След ветра живет в разговорах
Идущего бурно собранья
Деревьев над кровельной дранью.
 
   Возражая существу поэзии Хлебникова, Пастернак писал: «...поэзия моего пониманья все же протекает в истории и в сотрудничестве с действительной жизнью» («Охранная грамота», ч. 3; 8).
   Словесное искусство Пастернака по своему содержанию и форме целиком соответствовало стилю революций: первой русской революции, Первой мировой войне как прологу ко второй революции и революции Октября. Обыденная действительность вторгалась в сознание. Рабочие входили в дворцы, крестьяне – в усадебные дома. В Зимнем устраивались танцевальные вечера рабочей молодежи, в помещениях усадеб – школы ликвидации неграмотности и кружки самодеятельности. Действительность празднично преобразовывалась. Революционные празднества следовали одно за другим; праздновались и взятие Бастилии, и день Октябрьской революции, и день Труда. Толпа, нарядная от красных и зеленых галифе, сшитых из сукна, содранного с письменных столов бюрократов, и от ярких толстовок, выкроенных из бархатных портьер буржуазных квартир, куда была переселена беднота с окраин, восторженно приветствовала в дни революционных праздников звездный дождь военных ракет.

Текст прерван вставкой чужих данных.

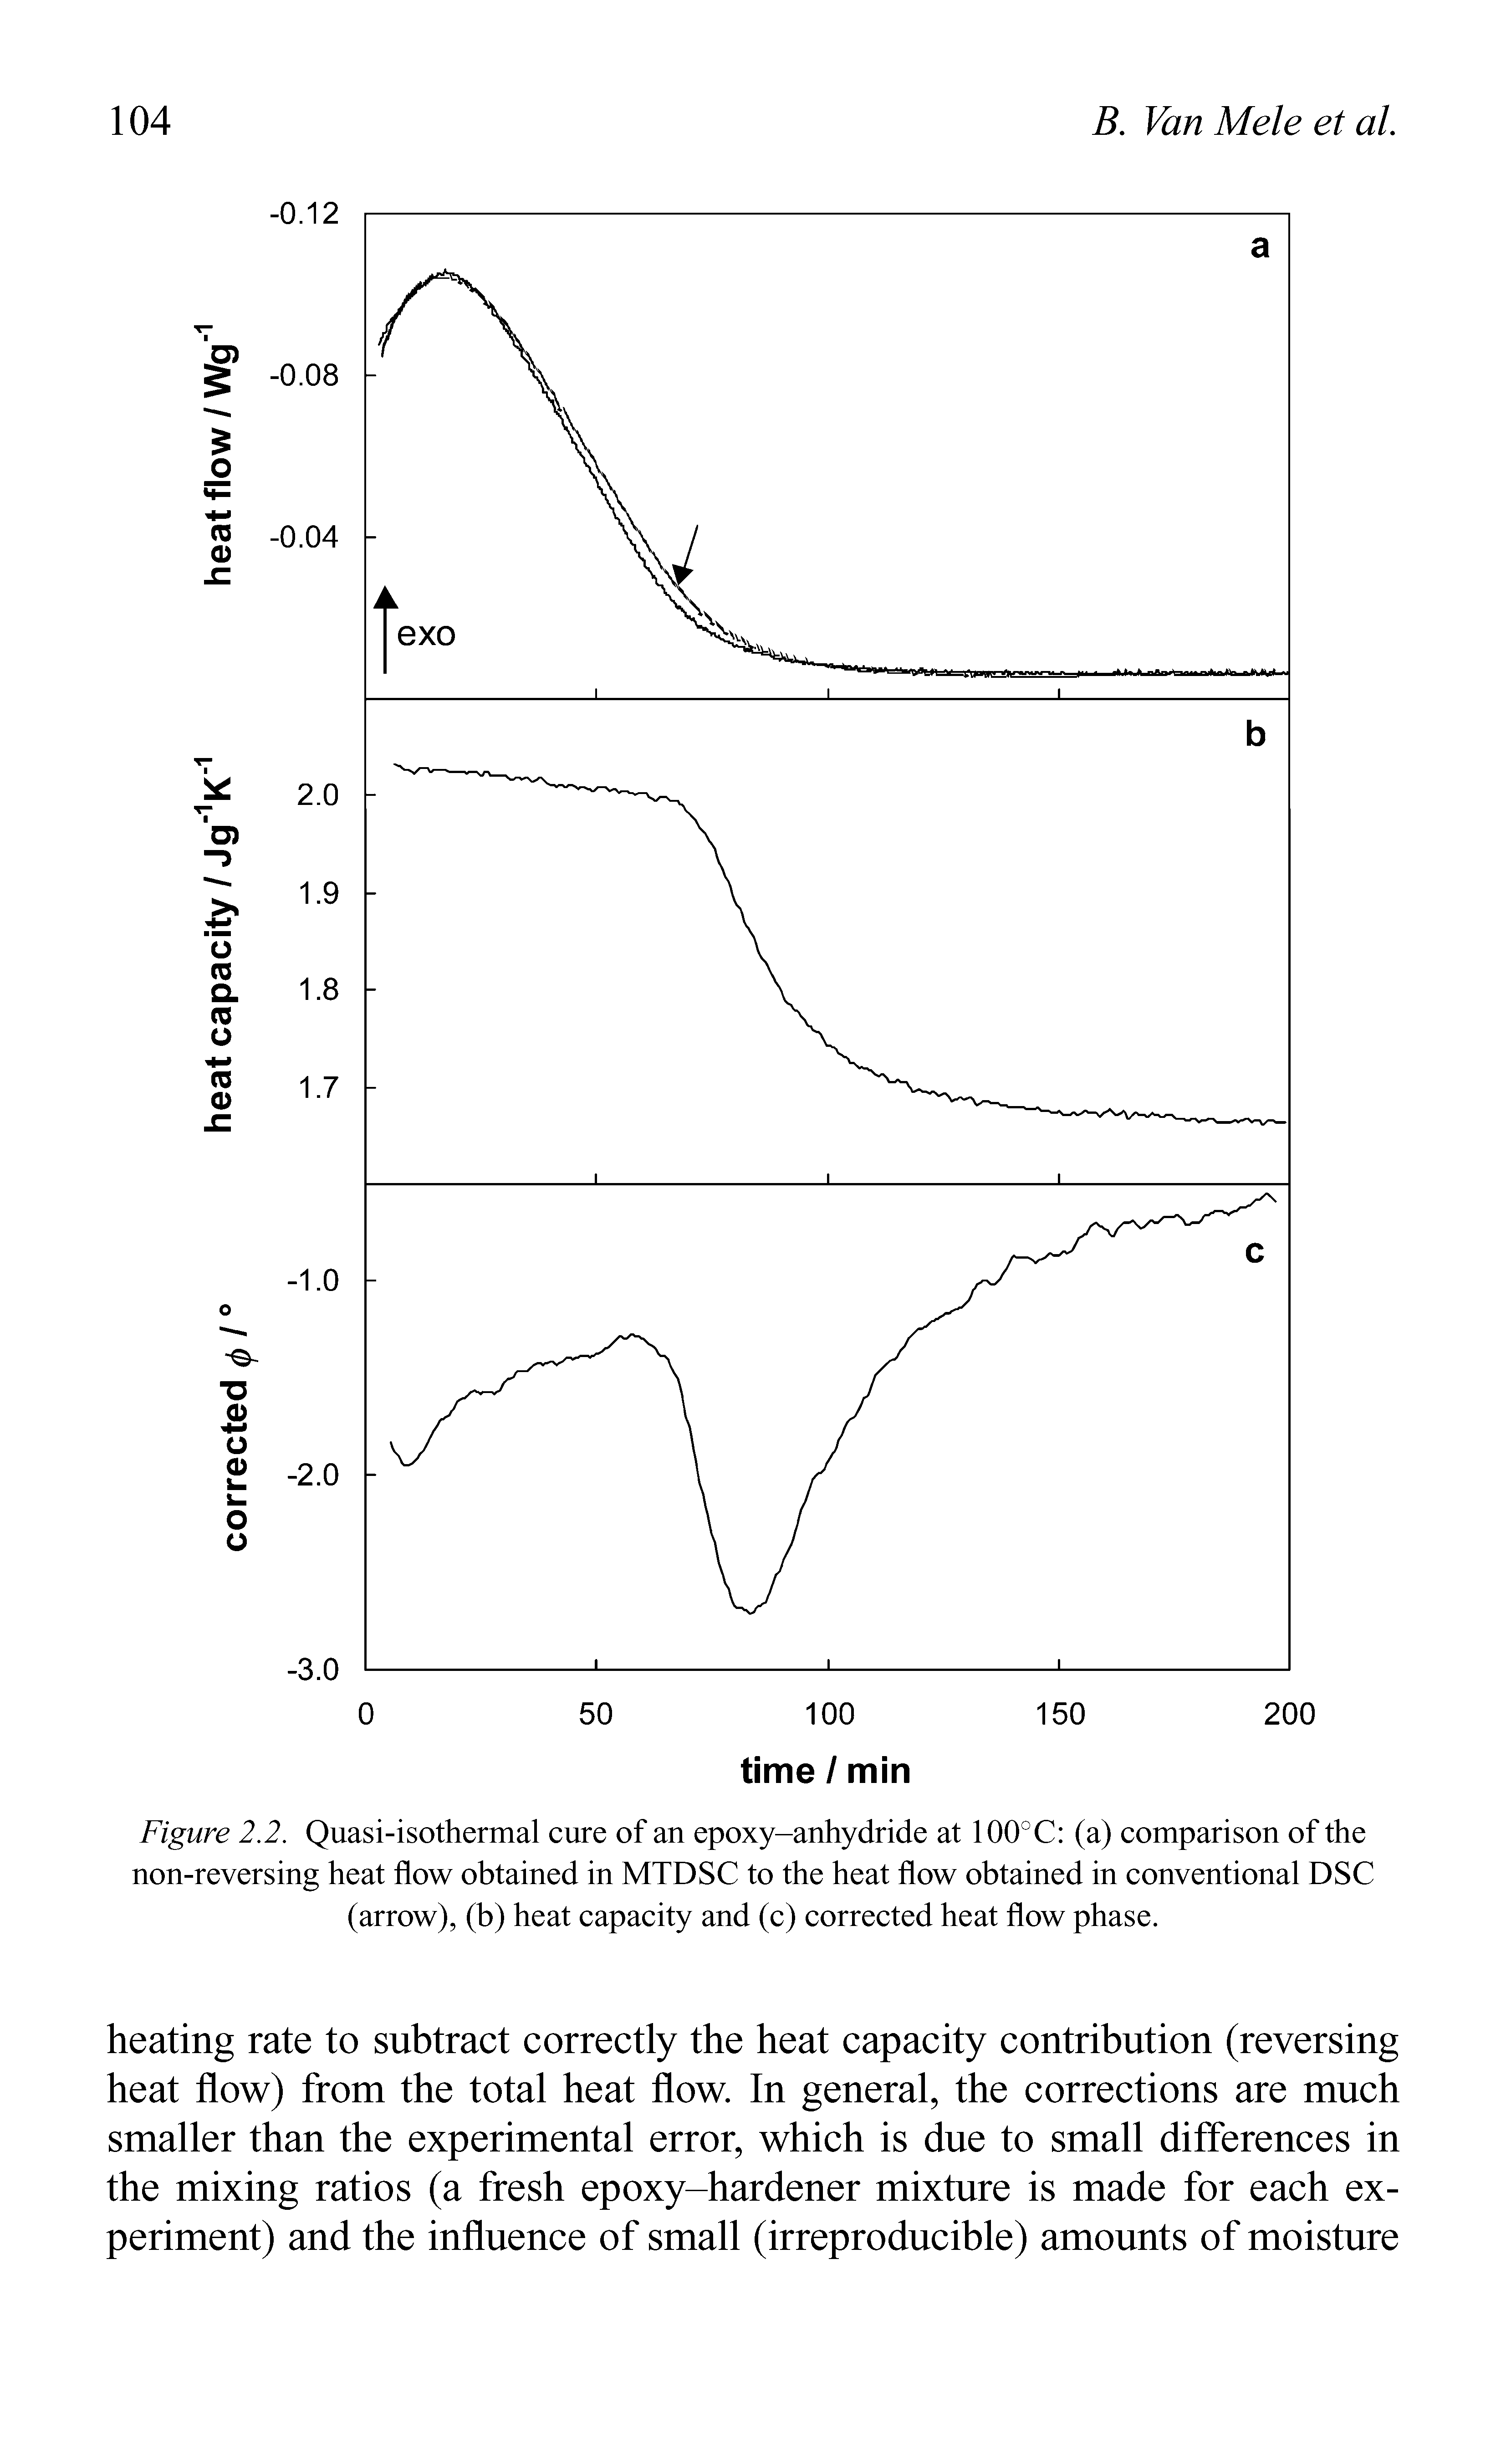 Figure 2.2. Quasi-isothermal cure of an epoxy-anhydride at 100°C (a) comparison of the non-reversing heat flow obtained in MTDSC to the heat flow obtained in conventional DSC (arrow), (b) heat capacity and (c) corrected heat flow phase.

   Видимые и невидимые нити протягивались между революционной действительностью и той действительностью, что властно вторгалась в произведения Пастернака. Обращение к романной прозе становилось неизбежным.
* * *
   Проза не была для Пастернака попутным явлением, чем-то второстепенным.
   В письме к Е. Д. Романовой от 23 декабря 1959 года Пастернак так писал о прозе: «Дороже всего мне Ваше знание того, на чем Гоголь с ума сошел или чем измучился: того, чем может быть настоящая художественная проза, какое это волшебное искусство, на границе алхимии... «Beau comme la prose»[3], – говорил Карамзин о настоящей поэзии, может быть, о молодой пушкинской, когда желал похвалить ее»[4].

РОМАН

   Знаменитый роман Пастернака «Доктор Живаго», который расценивался его автором почти как итоговый, зачинался задолго до того, как он обрел свою романную форму. Форму опережали идеи. Идеи стремились к простоте выражения, становились «идеями-чувствами», интуитивным восприятием действительности как поэтической истины.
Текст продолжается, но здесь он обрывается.